§ **EXERCISE**:
Locate the line that contains "TCL LED Smart TV HDMI" in the data that follows. Copy it and every subsequent line to the end, exactly, excluding pictures.

§ **RECORDED INFORMATION**:
▼▼▼

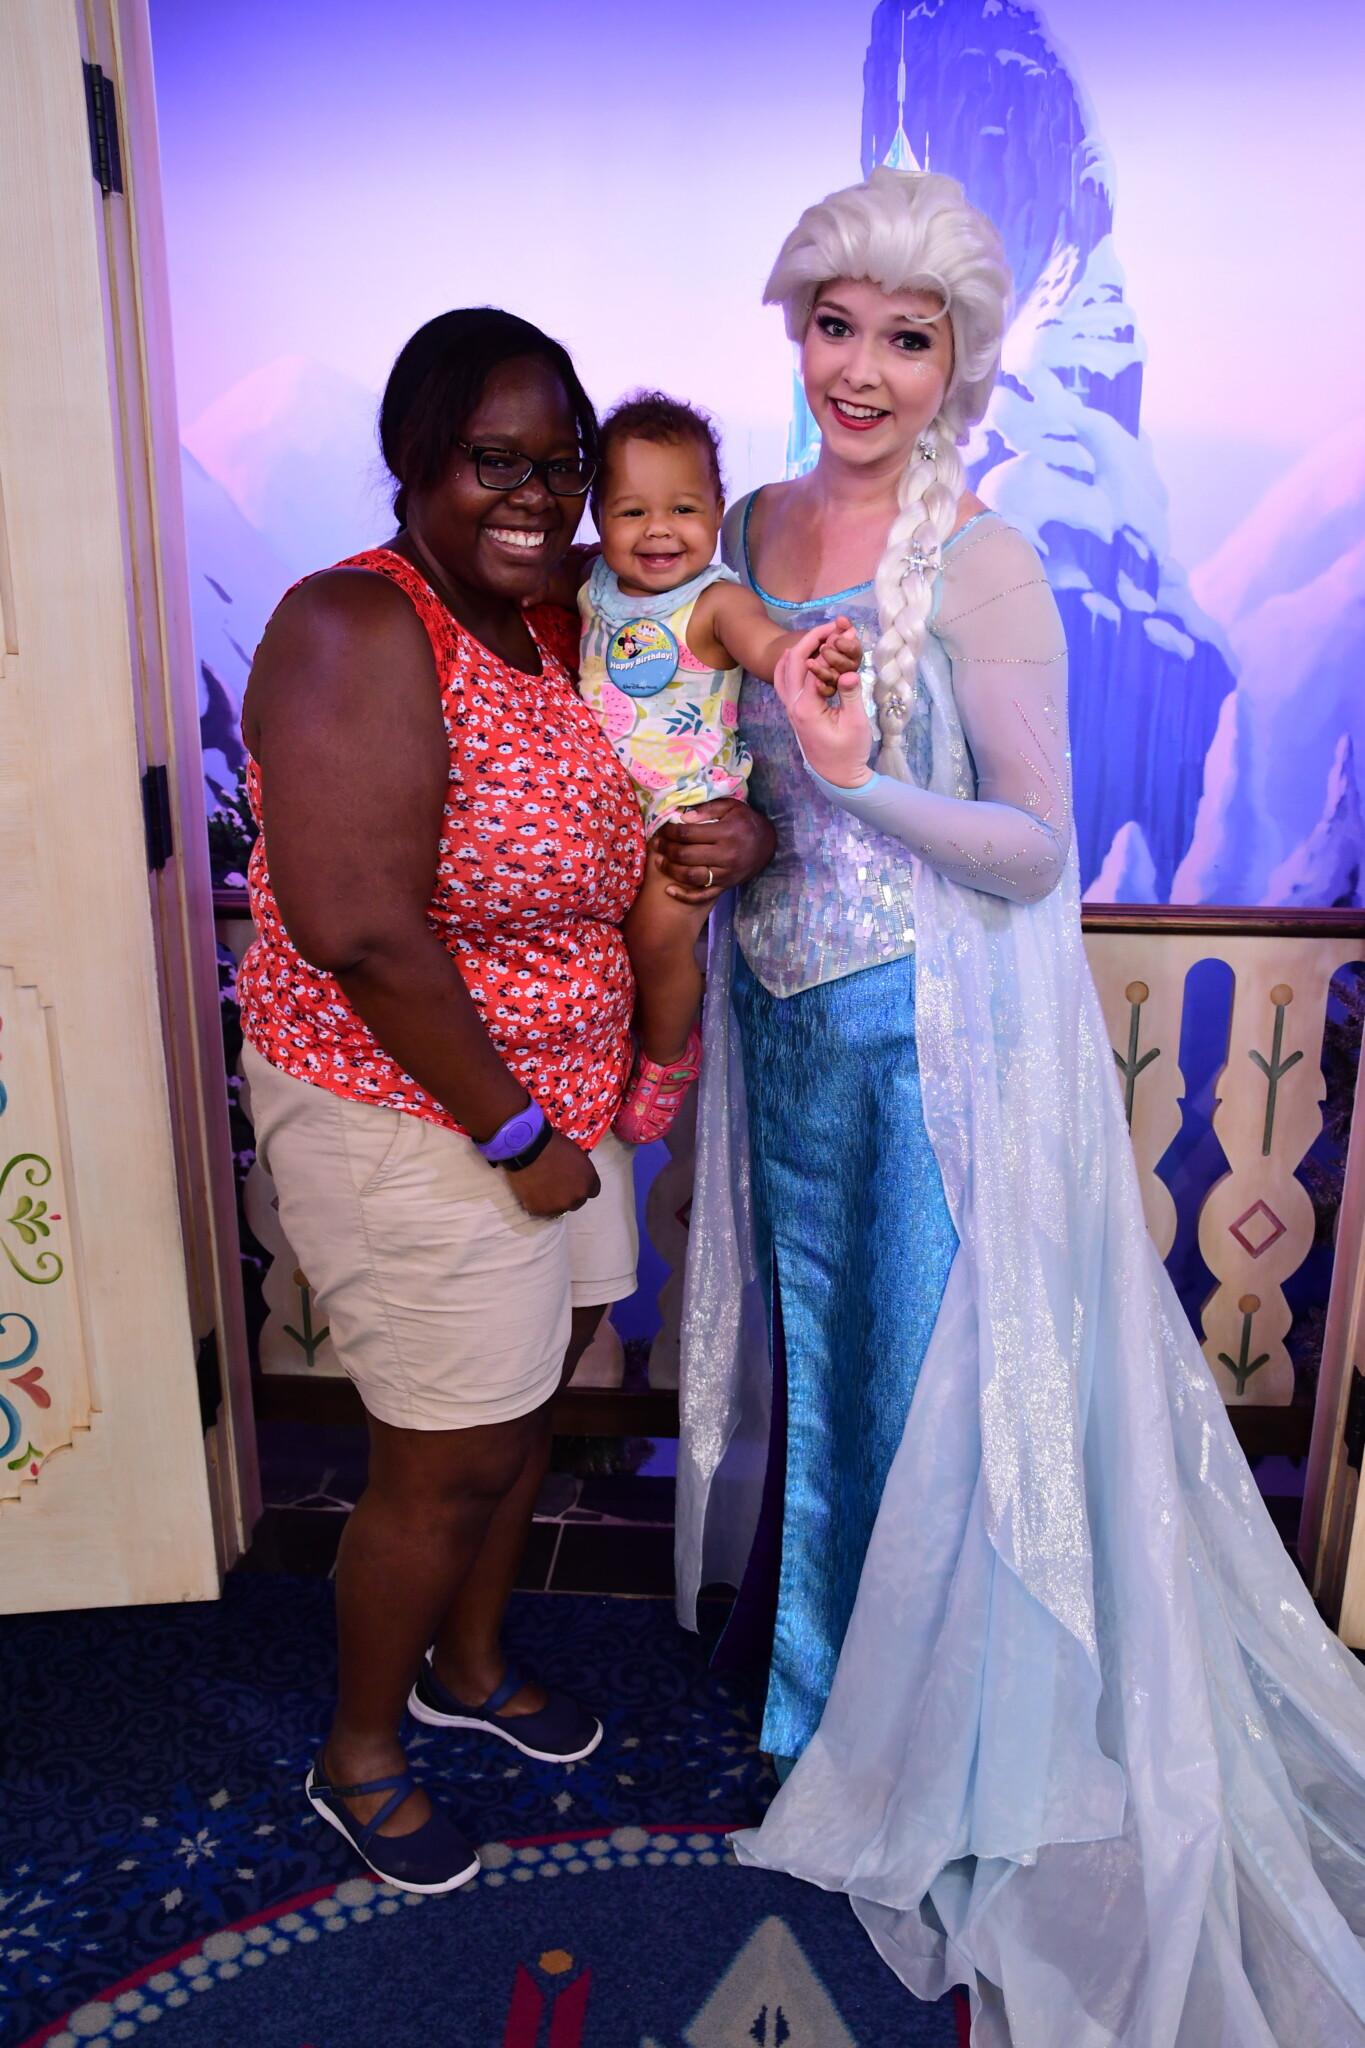 2 semaines en Floride avec un bébé de 1 an - Séjour du 2 au 16 mai 2019 DCL + WDW - Page 18 Fd47cc3f-db71-47b6-a12b-eea739b194e8-1365x2048
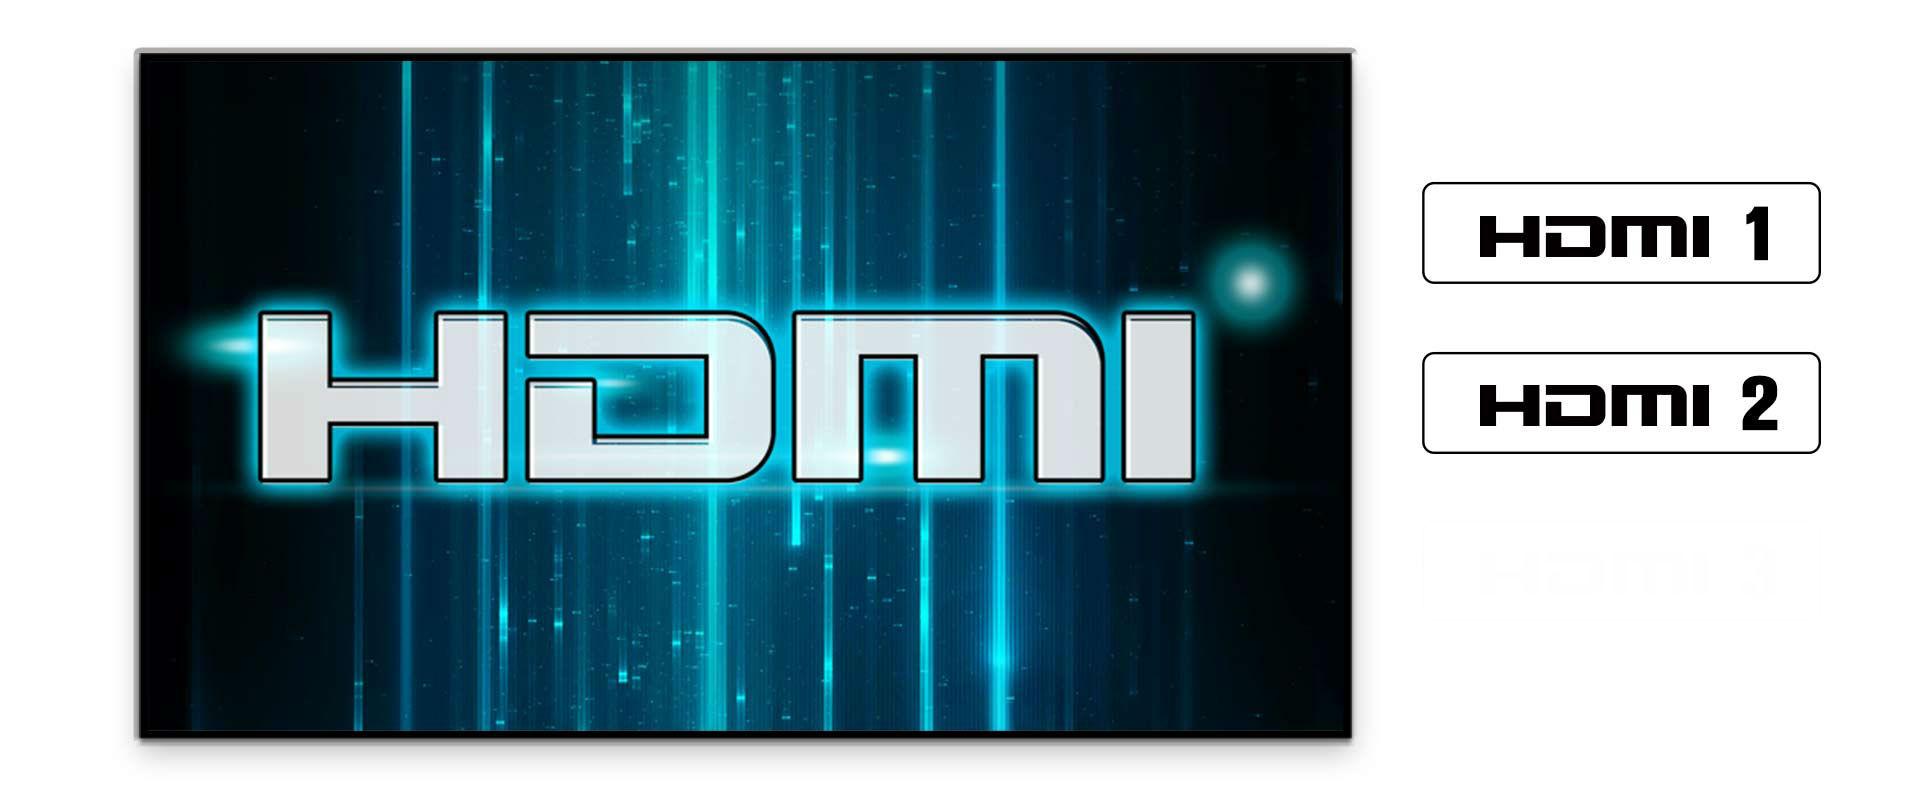 TCL LED Smart TV HDMI
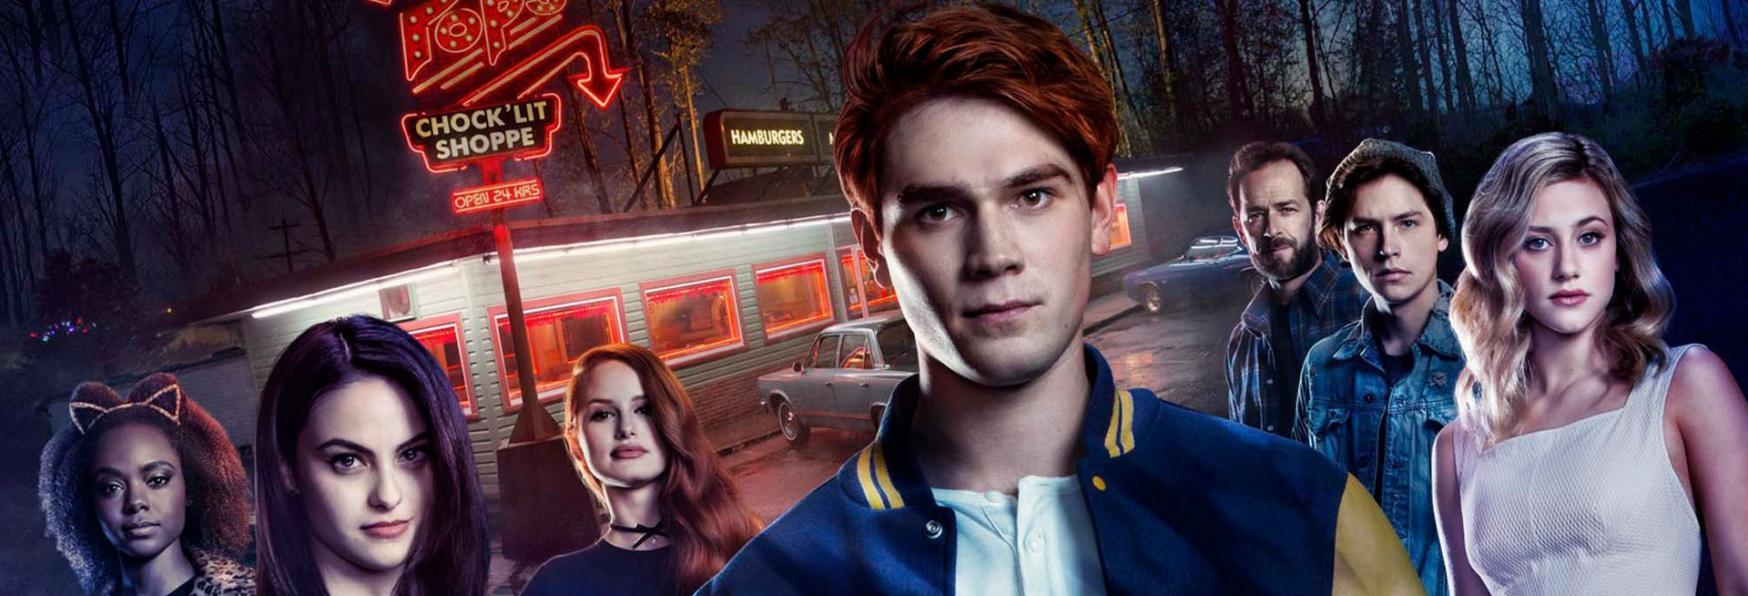 Riverdale: la Recensione dell'Episodio 4x03 della Serie TV di The CW

▲▲▲

§ **EXERCISE RESULT**:
 TCL LED Smart TV HDMI
 Riverdale: la Recensione dell'Episodio 4x03 della Serie TV di The CW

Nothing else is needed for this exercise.